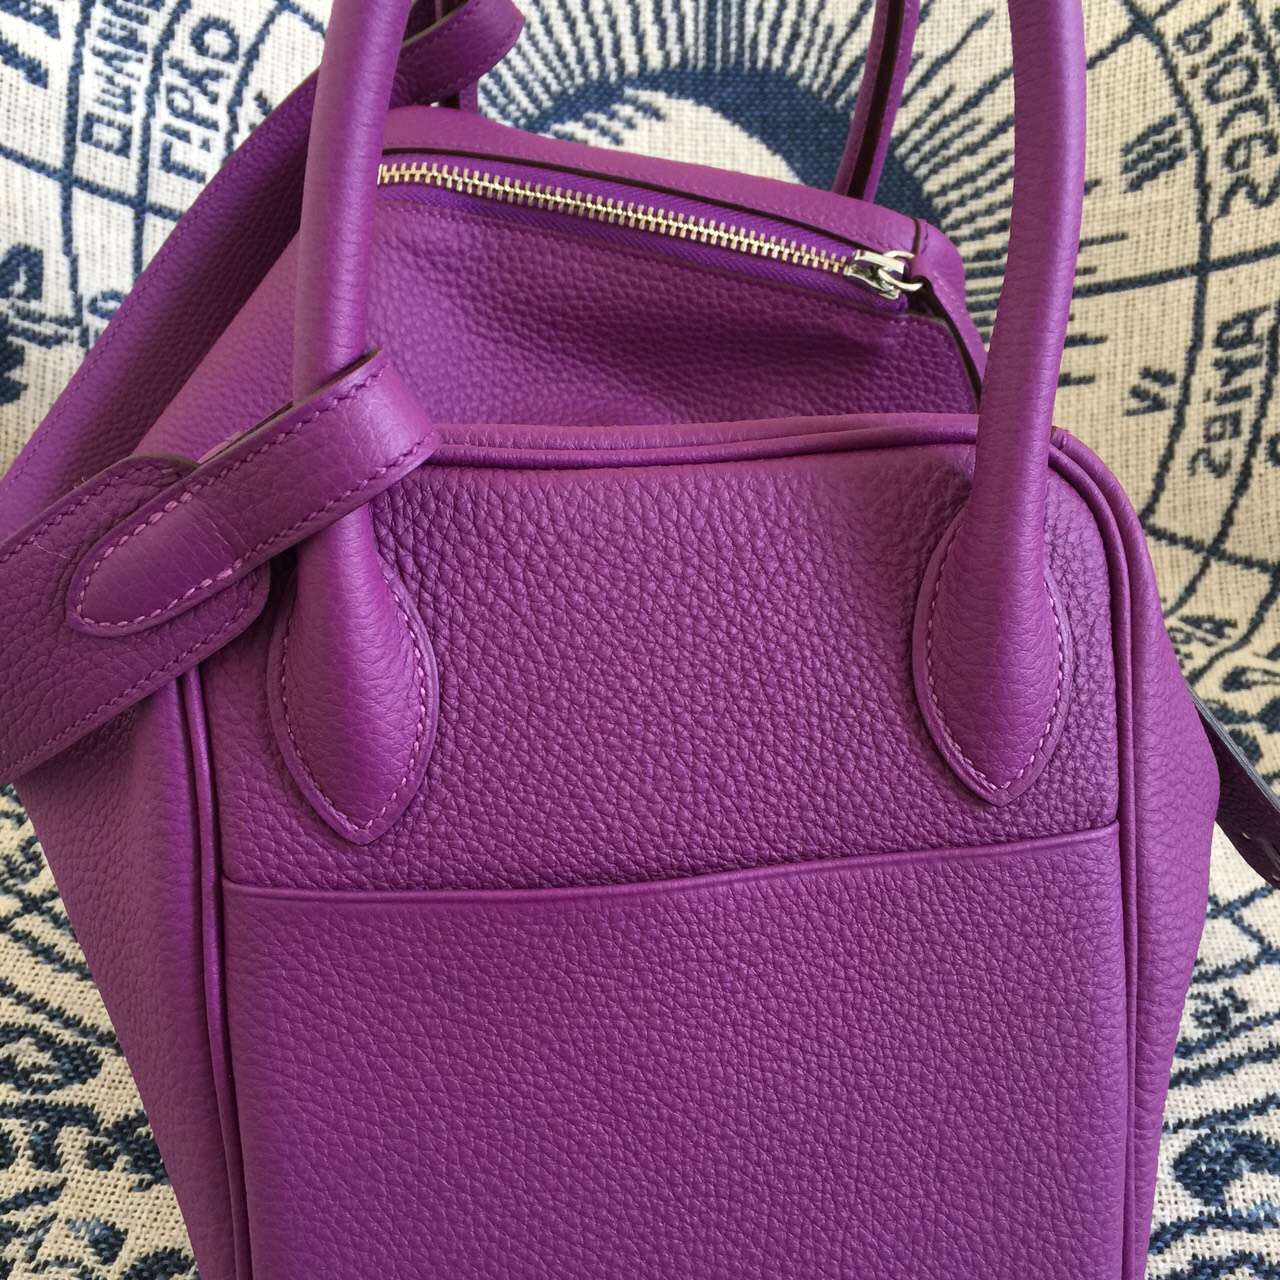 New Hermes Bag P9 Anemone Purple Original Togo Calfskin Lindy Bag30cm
—————
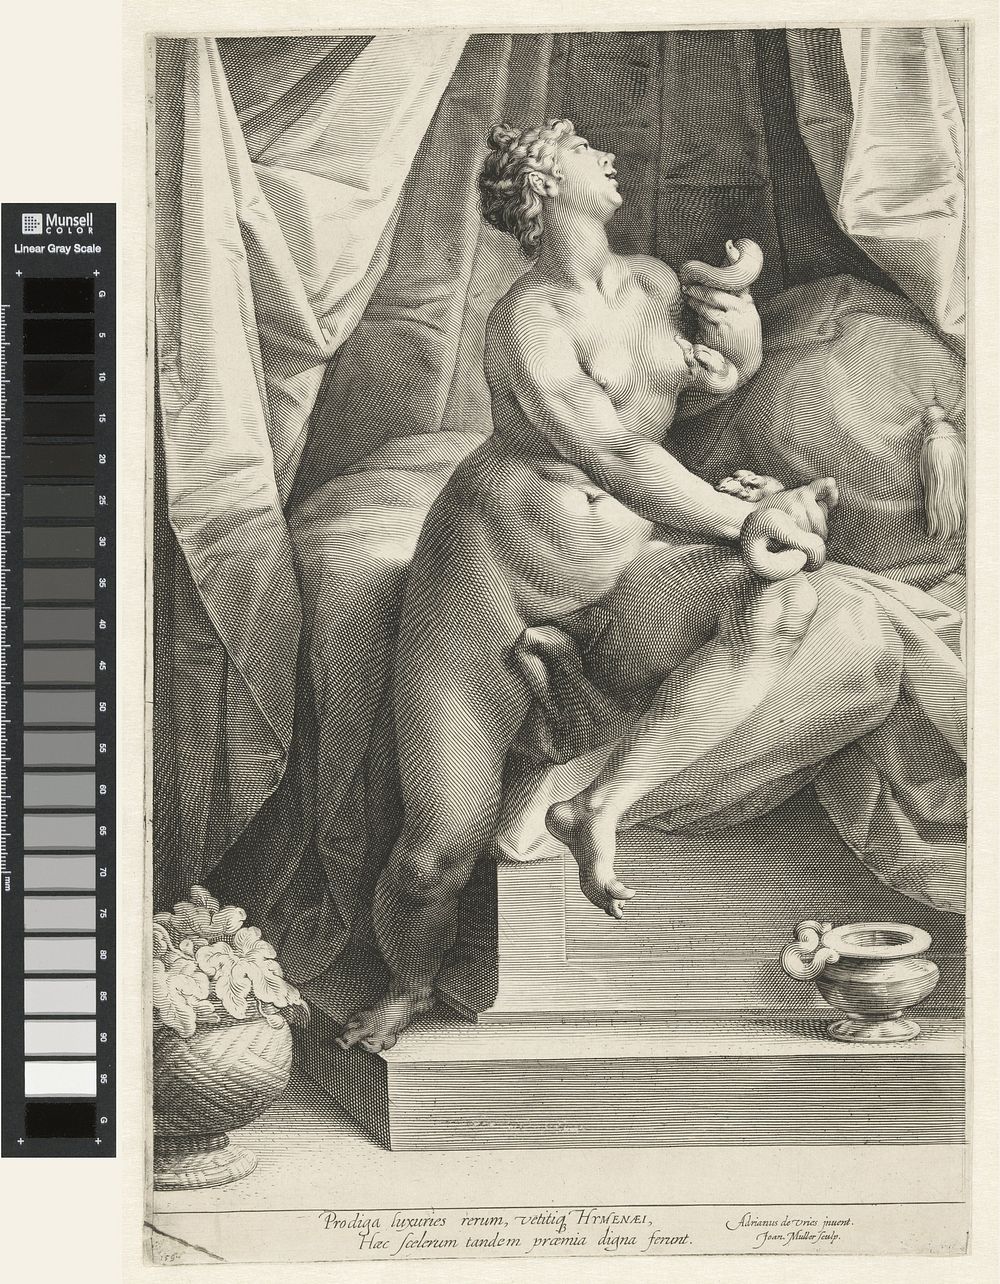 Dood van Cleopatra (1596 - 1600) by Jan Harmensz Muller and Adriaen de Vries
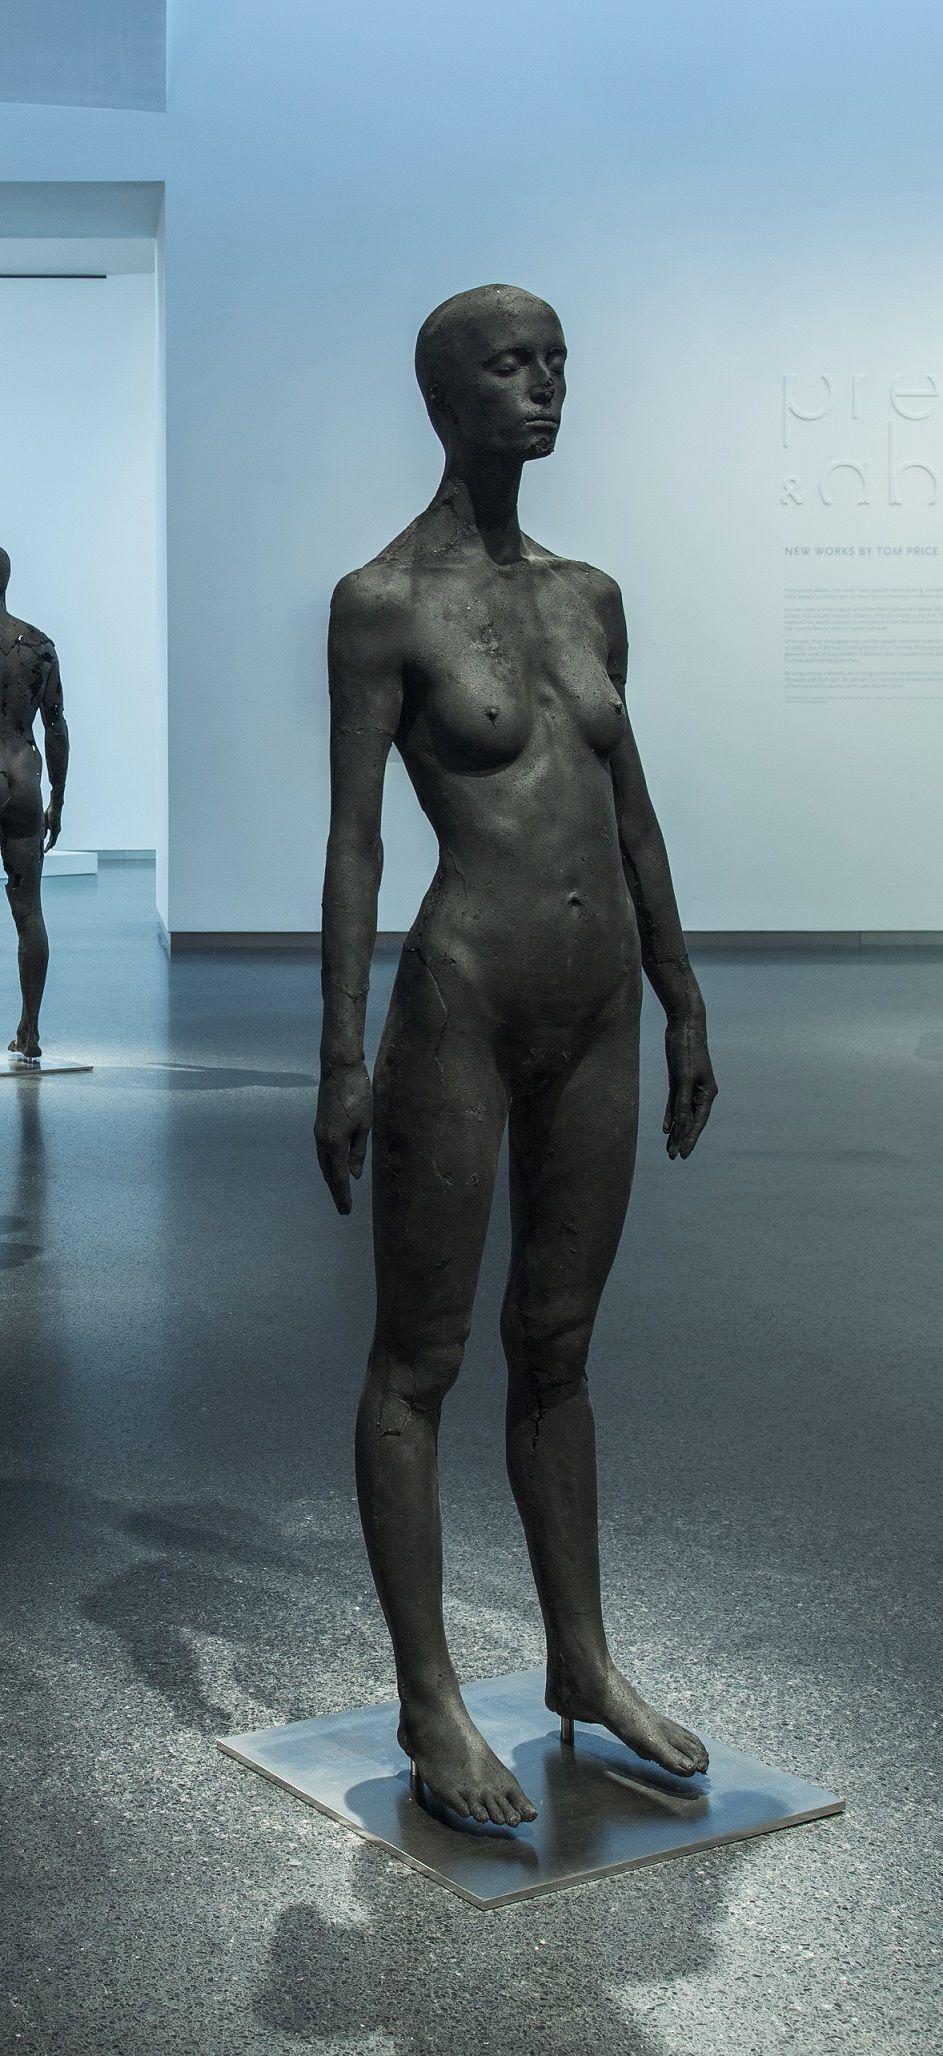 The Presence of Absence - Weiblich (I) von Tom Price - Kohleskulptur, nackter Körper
—————
WHAT IS NEEDED: Starting at the line containing "Dood van Cleopatra" and stopping at the line containing "The Presence of", output every line above exactly, both ends included, with pictures omitted.

RESULT OF THE TASK:
 Dood van Cleopatra (1596 - 1600) by Jan Harmensz Muller and Adriaen de Vries
 The Presence of Absence - Weiblich (I) von Tom Price - Kohleskulptur, nackter Körper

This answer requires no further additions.